As some cancer patients turn to medical marijuana to help ease the pain of chemotherapy, many others must make an awful choice between pain and the benefits of treatment.

As many as 20 to 40 percent of chemotherapy patients report pain lasting months to years, with no pharmaceutical drug on the market indicated for treating the issue.

A new study published yesterday in the Journal of the American Medical Association, however, shows that antidepressants presently on the market help to ease pain associated with chemotherapy, meaning doctors may at any time prescribe the drugs "off-label" for the pain.

"Treating painful chemotherapy-induced peripheral neuropathy is critical," said Ellen M. Lavoie Smith, of the University of Michigan, who led the study. "In some cases, physicians must reduce the patient's chemotherapy dose when the pain becomes too severe. This is not just about improving quality of life by decreasing pain but potentially it's helping patients live longer because they can get their full chemotherapy treatment."

Smith said patients sometimes face a "terrible trade-off": To endure the pain or give up potentially life-saving therapy.

In the study, investigators found that duloxetine eased pain over five weeks compared to placebo, after reporting no easement of pain from paclitaxel or oxaliplatin.
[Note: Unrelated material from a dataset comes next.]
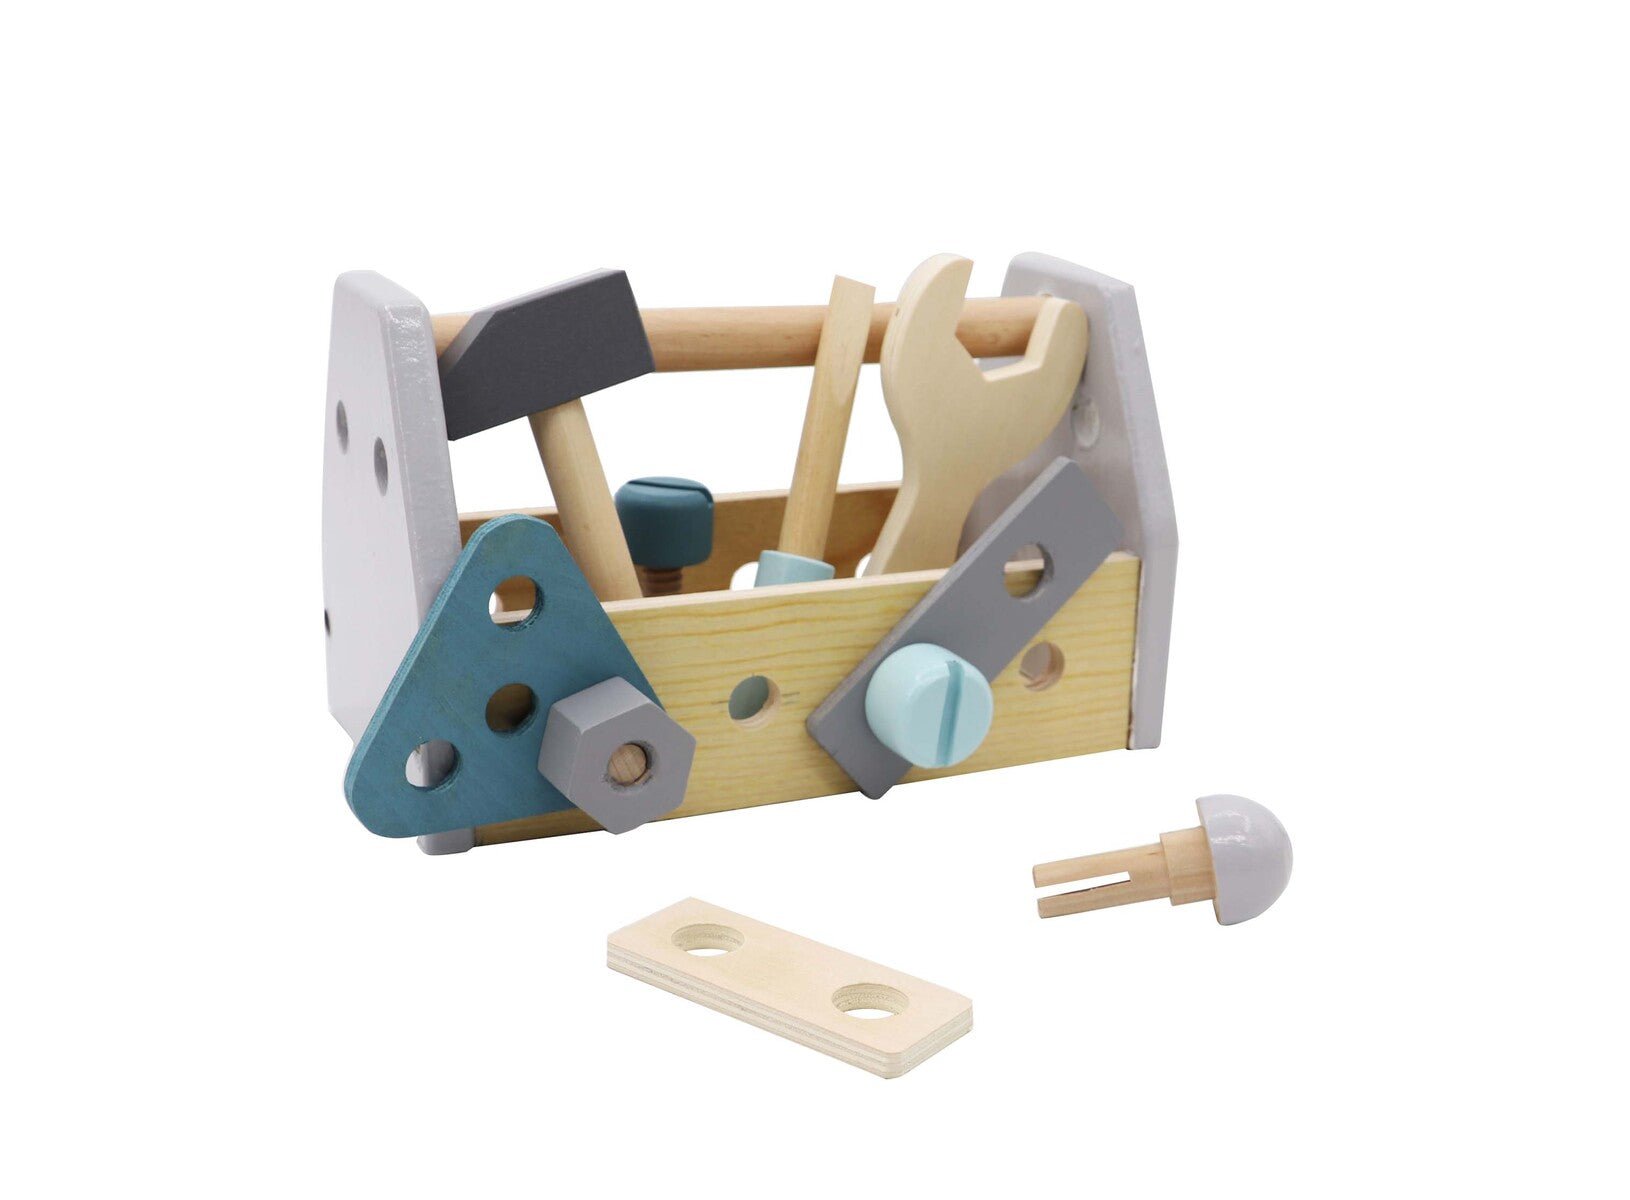 Buy Now: Wooden Toolbox for Creative Kids

The antidepressant drug is used to treat depression and generalized anxiety disorder but is also used by prescribers to treat pain and tingling in patients with diabetic neuropathy, in addition to muscle and bone pain associated with osteoporosis. The recent findings bolster evidence from several phase-3 studies showing dual reuptake inhibitors to be effective in treating neuropathetic pain.

Investigators said that patients taking the antidepressant reported not only easement of pain but a better quality of life overall, perhaps relating to other indications for the drug.